A Network-Constrained Demand Response Game for Procuring Energy Balancing Services

TL;DR

This paper introduces a privacy-preserving, network-constrained demand response game that incentivizes energy consumers to provide balancing services while ensuring secure distribution network operation and demonstrating scalability through test system simulations.

Contribution

It proposes a decentralized market clearing algorithm for a Generalized Nash Game with physical network constraints, ensuring efficiency and privacy in energy balancing services.

Findings

Low market efficiency loss demonstrated

Physical network constraints significantly impact results

Algorithm scalable to large test systems

Abstract

Securely and efficiently procuring energy balancing services in distribution networks remains challenging, especially within a privacy-preserving environment.
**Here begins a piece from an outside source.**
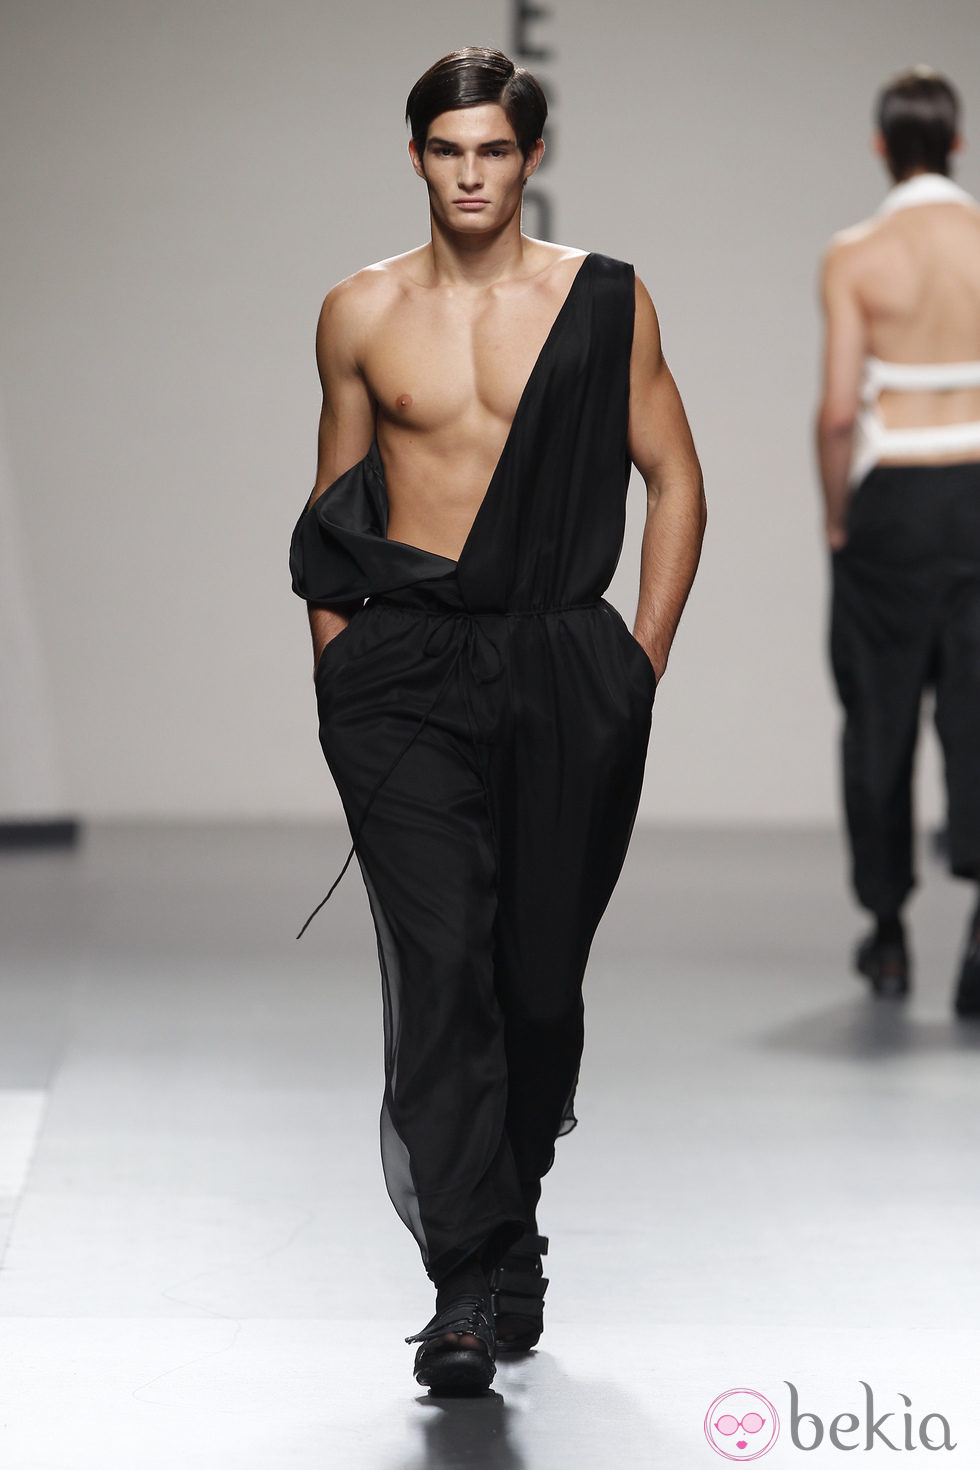 Pantalón negro ancho con tirantes de Alberto Puras en Cibeles, colección primavera 2012

This paper proposes a network-constrained demand response game, i.e., a Generalized Nash Game (GNG), to incentivize energy consumers to offer balancing services. Specifically, we adopt a supply function-based bidding method for our demand response problem, where a requisite load adjustment must be met. To ensure the secure operation of distribution networks, we incorporate physical network constraints, including line capacity and bus voltage limits, into the game formulation. In addition, we analytically evaluate the efficiency loss of this game. Previous approaches to steer energy consumers toward the Generalized Nash Equilibrium (GNE) of the game often necessitated sharing some private information, which might not be practically feasible or desired. To overcome this limitation, we propose a decentralized market clearing algorithm with analytical convergence guarantees, which only requires the participants to share limited, non-sensitive information with others. Numerical analyses illustrate that the proposed market mechanism exhibits a low market efficiency loss. Moreover, these analyses highlight the critical role of integrating physical network constraints. Finally, we demonstrate the scalability of our proposed algorithm by conducting simulations on the IEEE 33-bus and 69-bus test systems.